Stroke is a leading cause of long-term disability worldwide ; approximately 80% of acute stroke survivors suffer from persistent different degrees of motor impairment . Research on the neural mechanism of stroke-induced motor impairment is essential for the rehabilitation of the disease. Currently, two related hypotheses have been offered to explain motor impairment of stroke patients. In the first theory, dysfunction of ipsilesional motor areas underlies deficits in motor control after stroke [3, 4], and another posits that transcallosal inhibition (e.g., the contralesional hemisphere exerts a pathologically enhanced inhibitory influences on the ipsilesional hemisphere) thereby contributes to the reduced motor performance of stroke patients [5–7]. In the acute phase of stroke, changes in the brain at different levels from the molecular level to the network level are especially active and accelerate the brain’s self-repair processes [8, 9]. Earlier rehabilitation in stroke is more critical for motor functional recovery and has been considered to be associated with better outcomes . Therefore, it is more significant to investigate the neural mechanisms underlying motor deficits in the early stage of stroke, which may provide important theoretical evidence for early neurorehabilitation of ischemic stroke.

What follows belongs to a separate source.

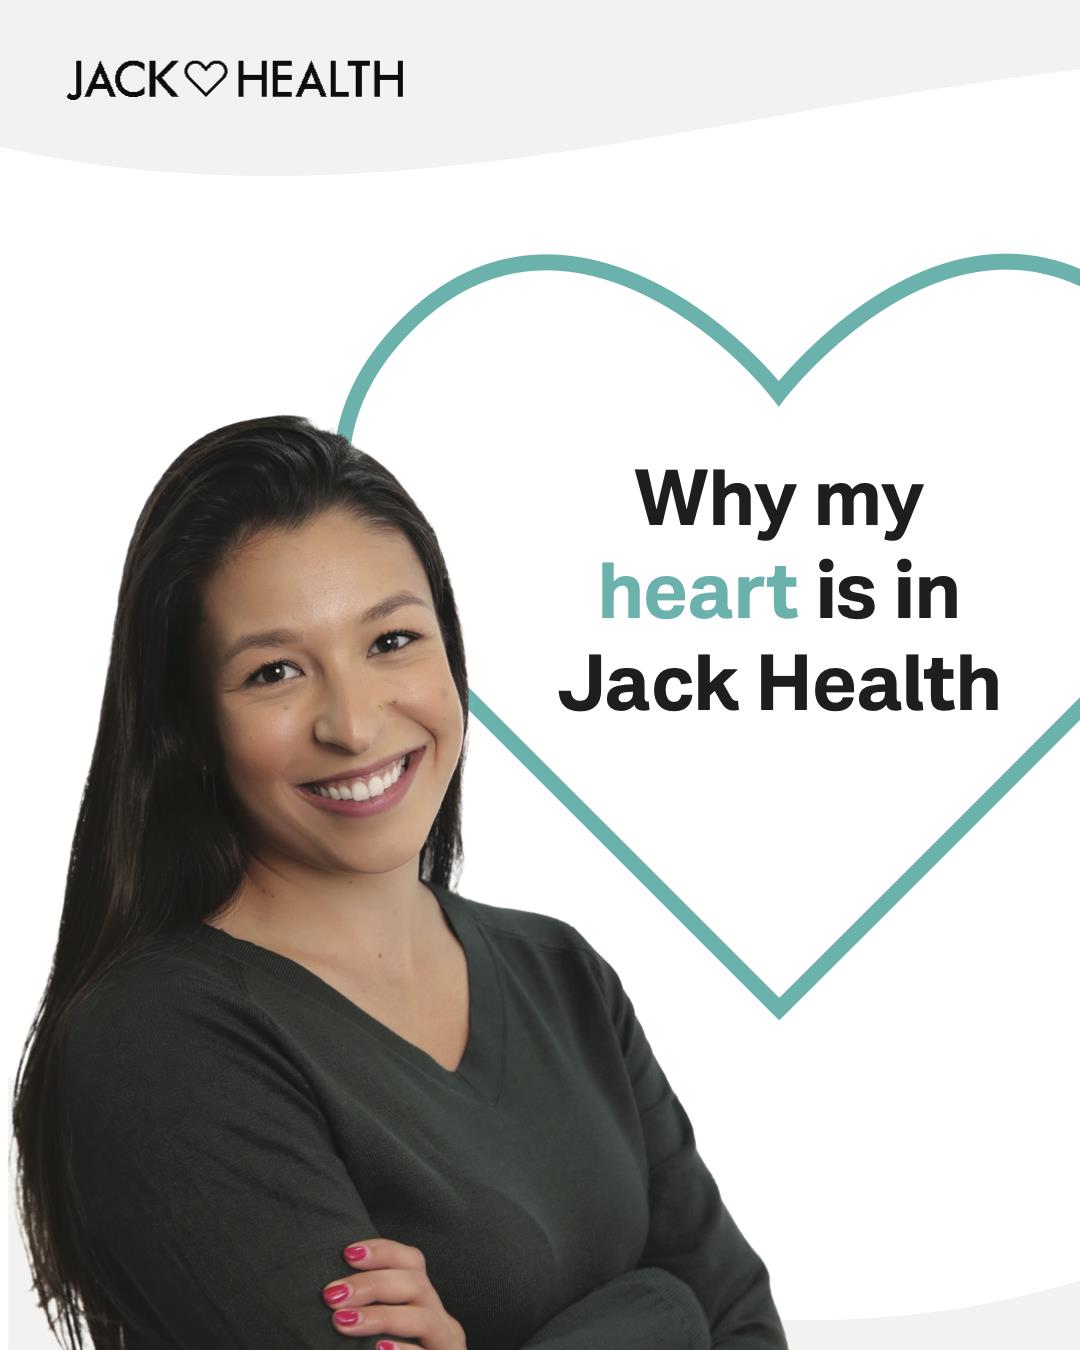 Jack Morton Worldwide on LinkedIn: Why My Heart is in Jack Health - Amy Gattoni - Scoliosis

Over recent years, multimodality imaging techniques, represented by functional magnetic resource imaging (fMRI), have been widely used for investigating the neural mechanism of the motor deficits in ischemic stroke. By using sophisticated analysis approaches, fMRI has revealed the abnormalities of local activation and connectivity associated with motor deficits after stroke . Dynamic causal modeling (DCM) analysis based on fMRI is a promising approach to capture effective connectivity among key regions of the cortical motor system . As a complementary approach, electrophysiological assessment such as the assessment of the motor evoked potentials (MEPs) by transcranial magnetic stimulation (TMS) provides information about the excitability of the corticomotor system in stroke patients . Nonetheless, these numerous studies used electrophysiological or fMRI measures in isolation. Moreover, most available evidence was primarily limited to the chronic stage after stroke, in which the mechanisms underlying neural reorganization may have returned to being stable . There is little specific information on the characteristics of the motor cortical network in the acute stage following stroke.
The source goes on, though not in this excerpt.